Work to complete. Write the data out again, character for character, with no images.

─── Data segment

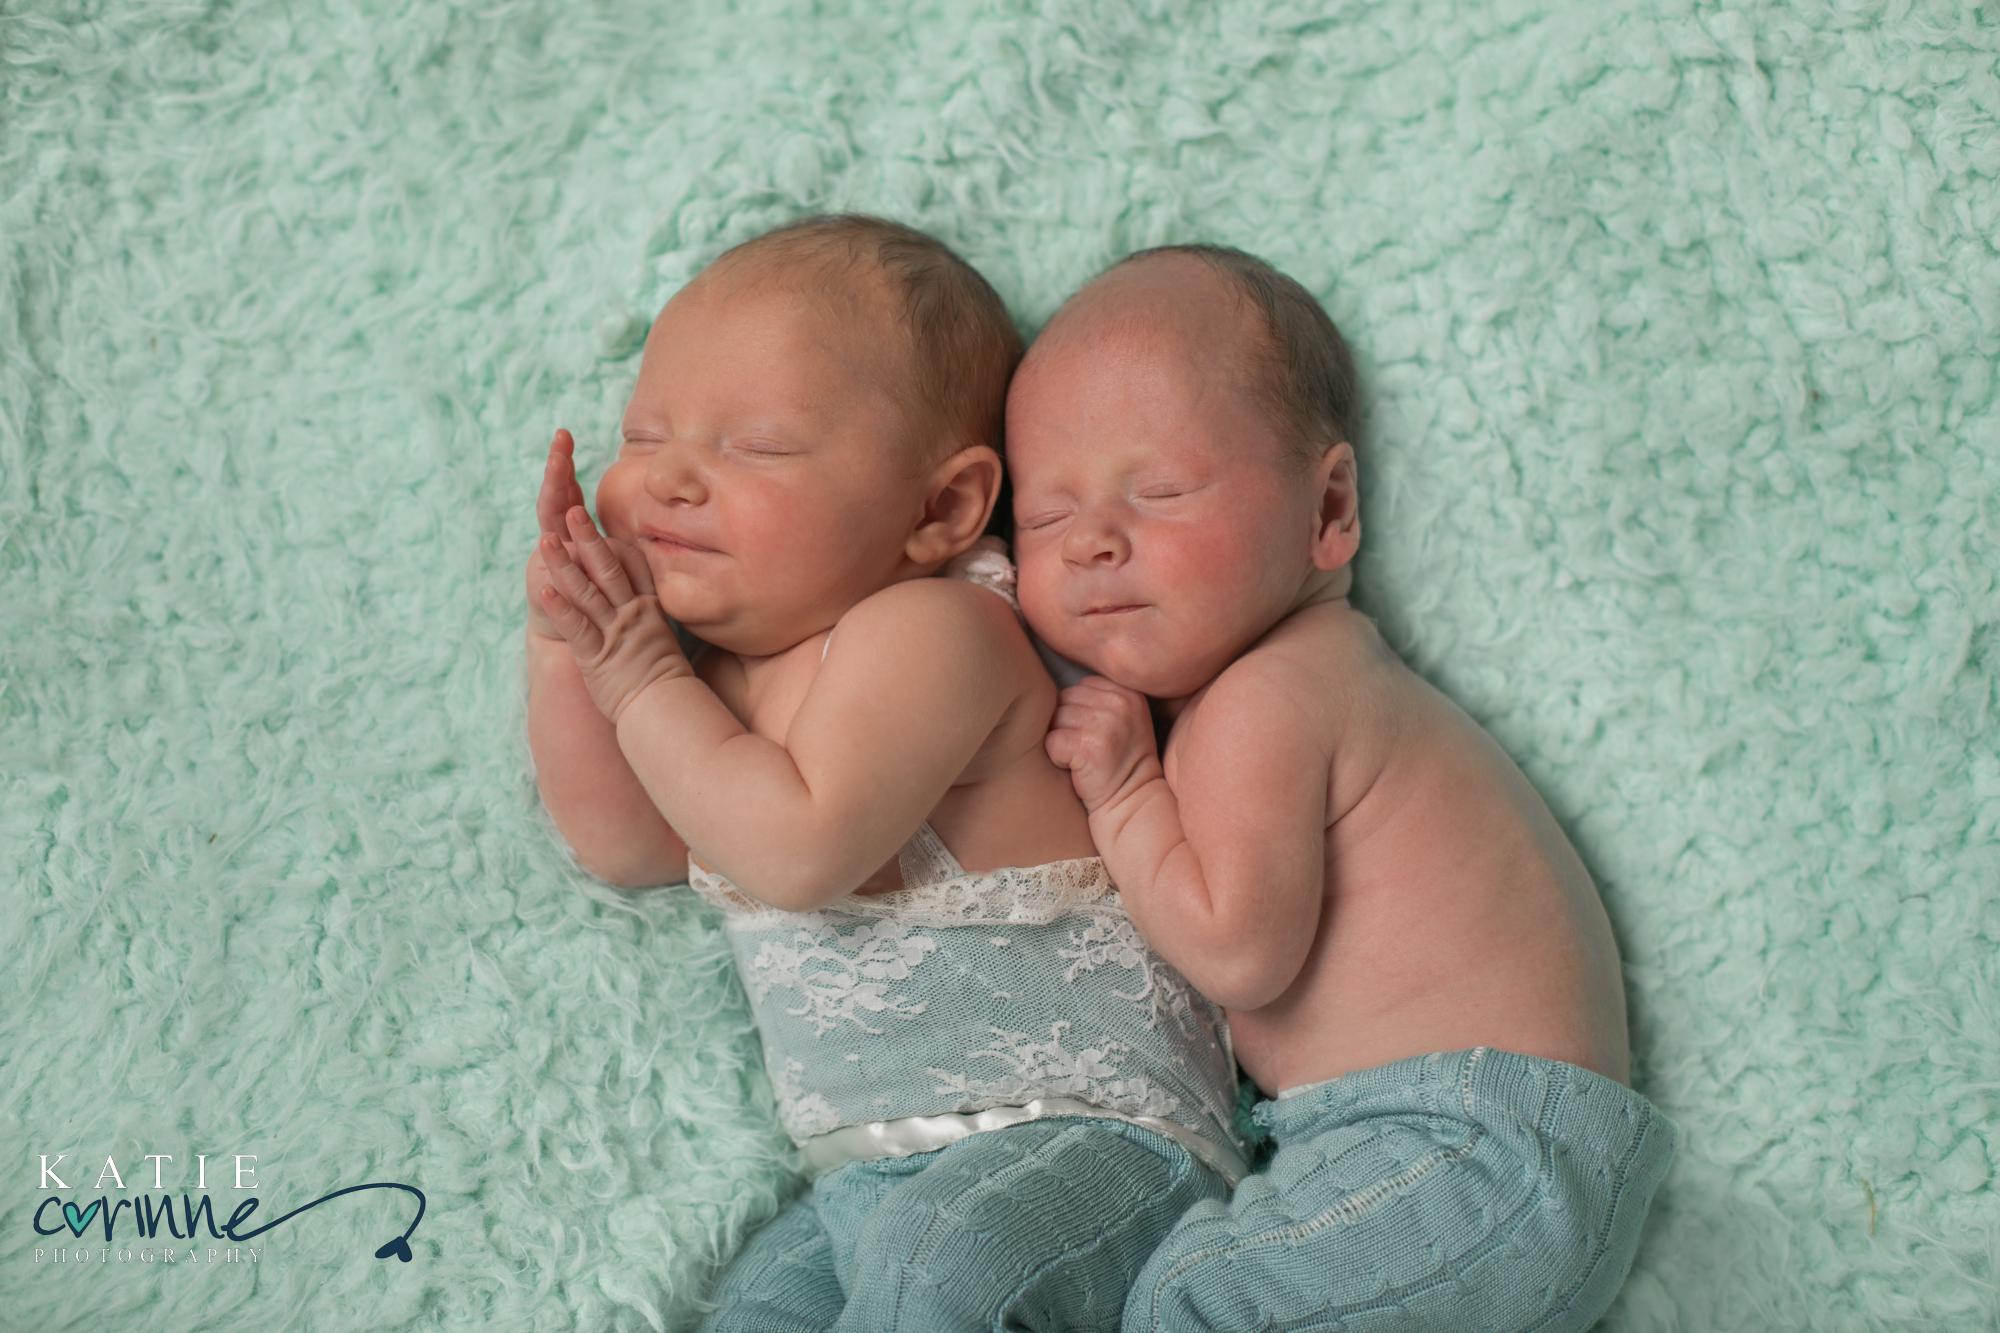 Monument fraternal twins in Colorado photo studio
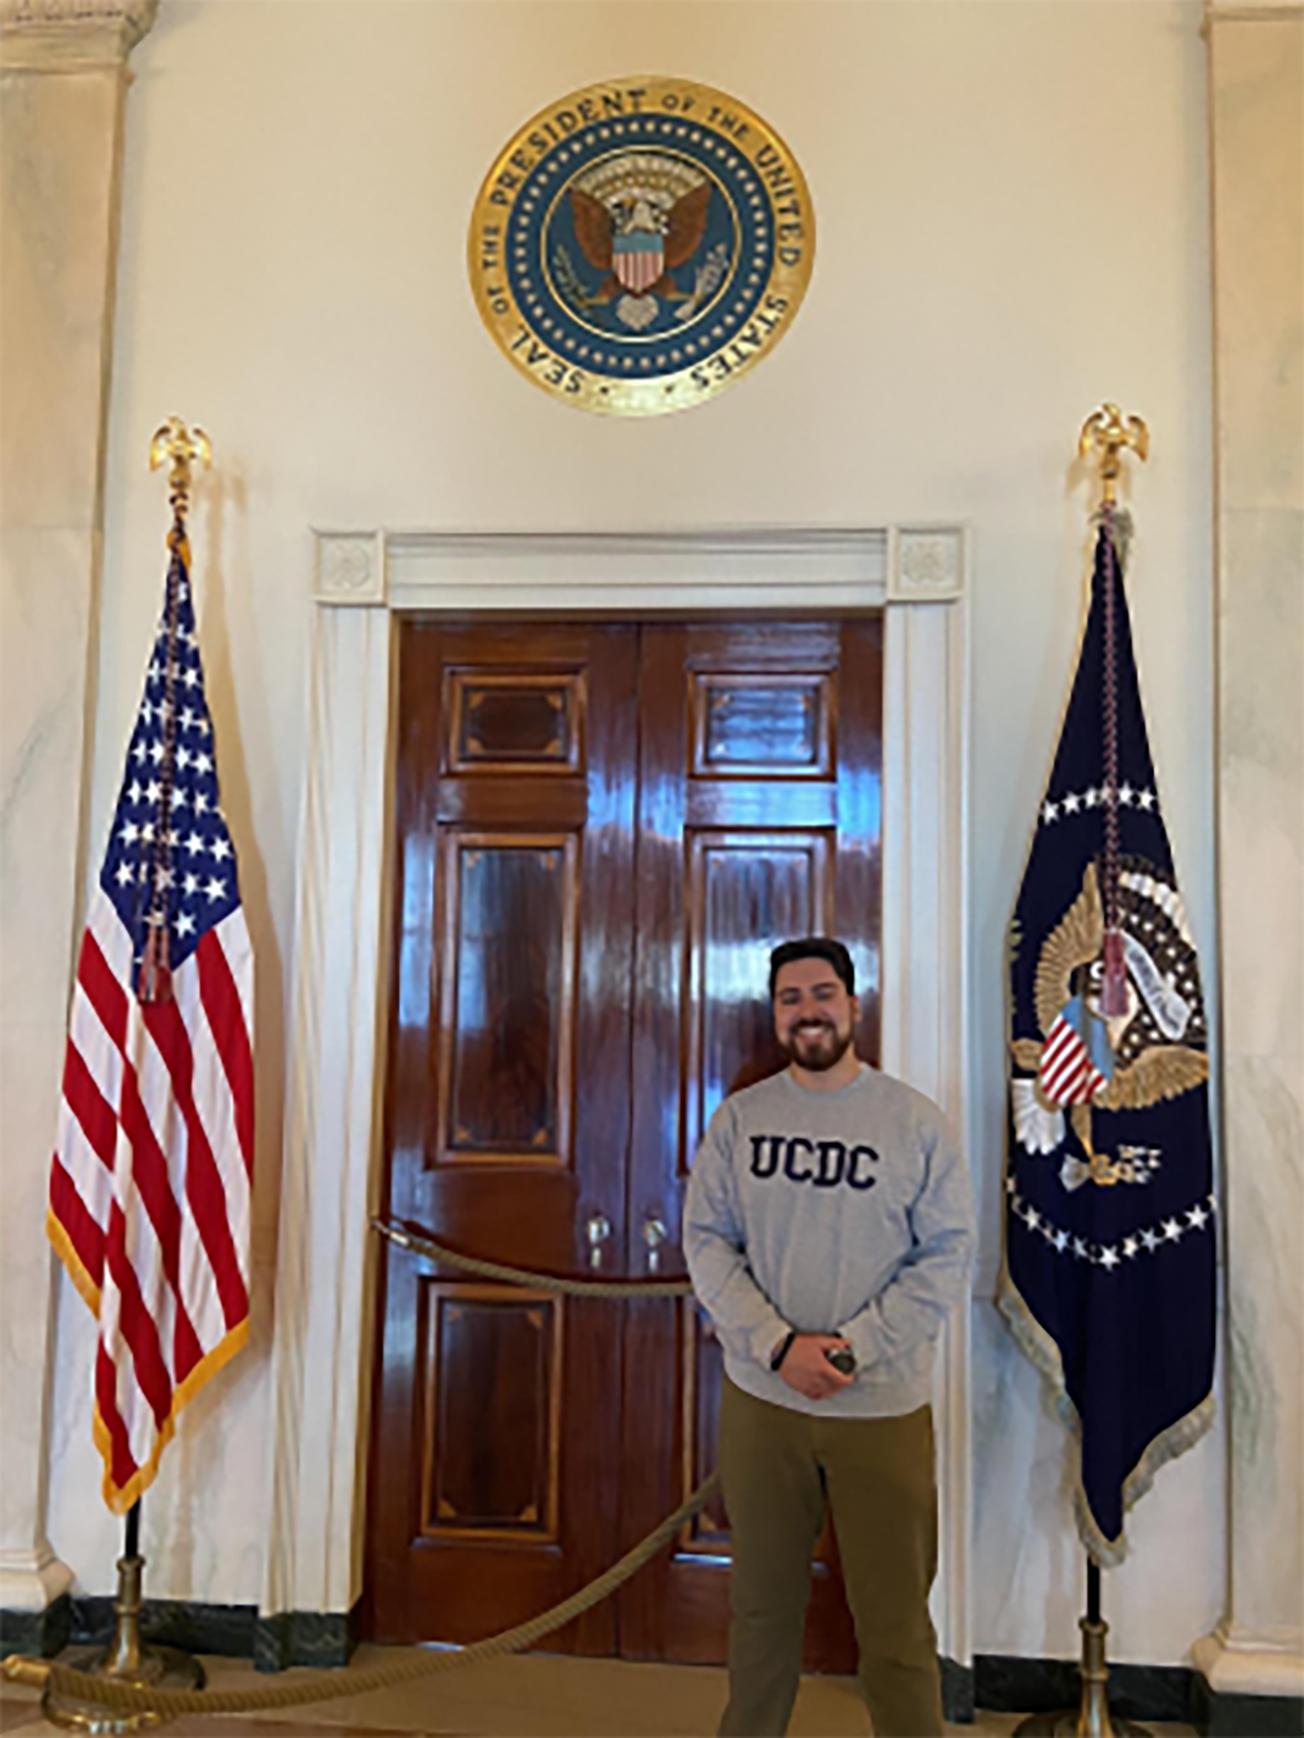 Spring 2023 UCDC Fellow Nathan Jauregui standing in front of a door with the seal of the US President
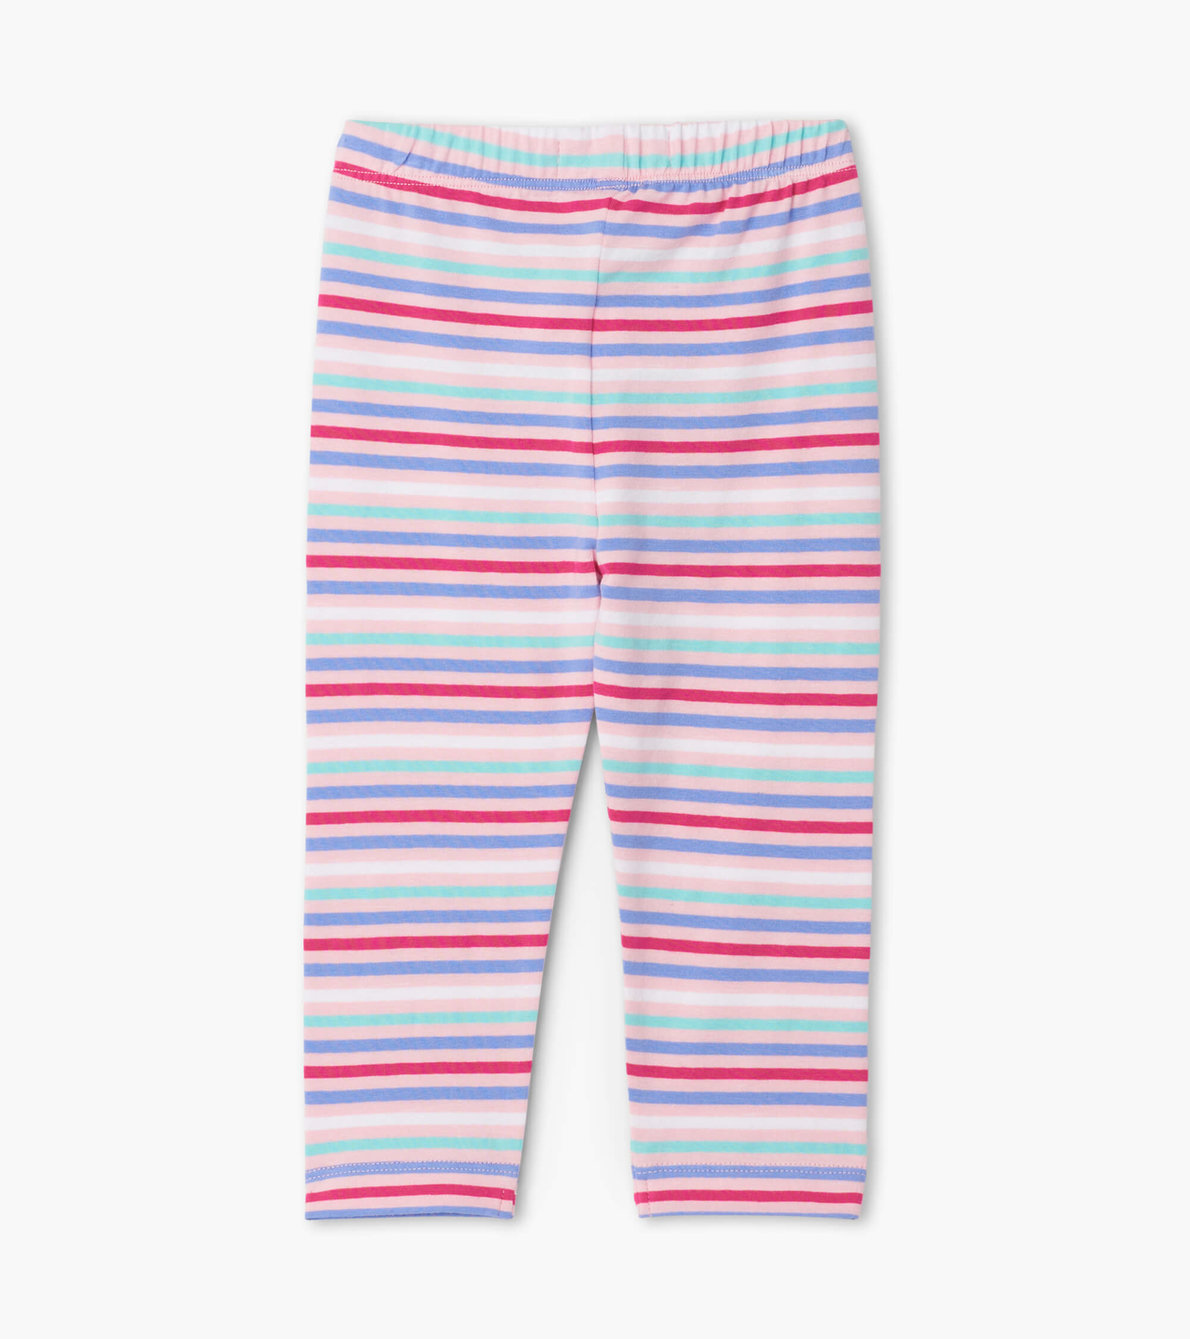 View larger image of Candy Stripes Baby Leggings

──────

Response for this exercise.
 Monument fraternal twins in Colorado photo studio
 Spring 2023 UCDC Fellow Nathan Jauregui standing in front of a door with the seal of the US President
 View larger image of Candy Stripes Baby Leggings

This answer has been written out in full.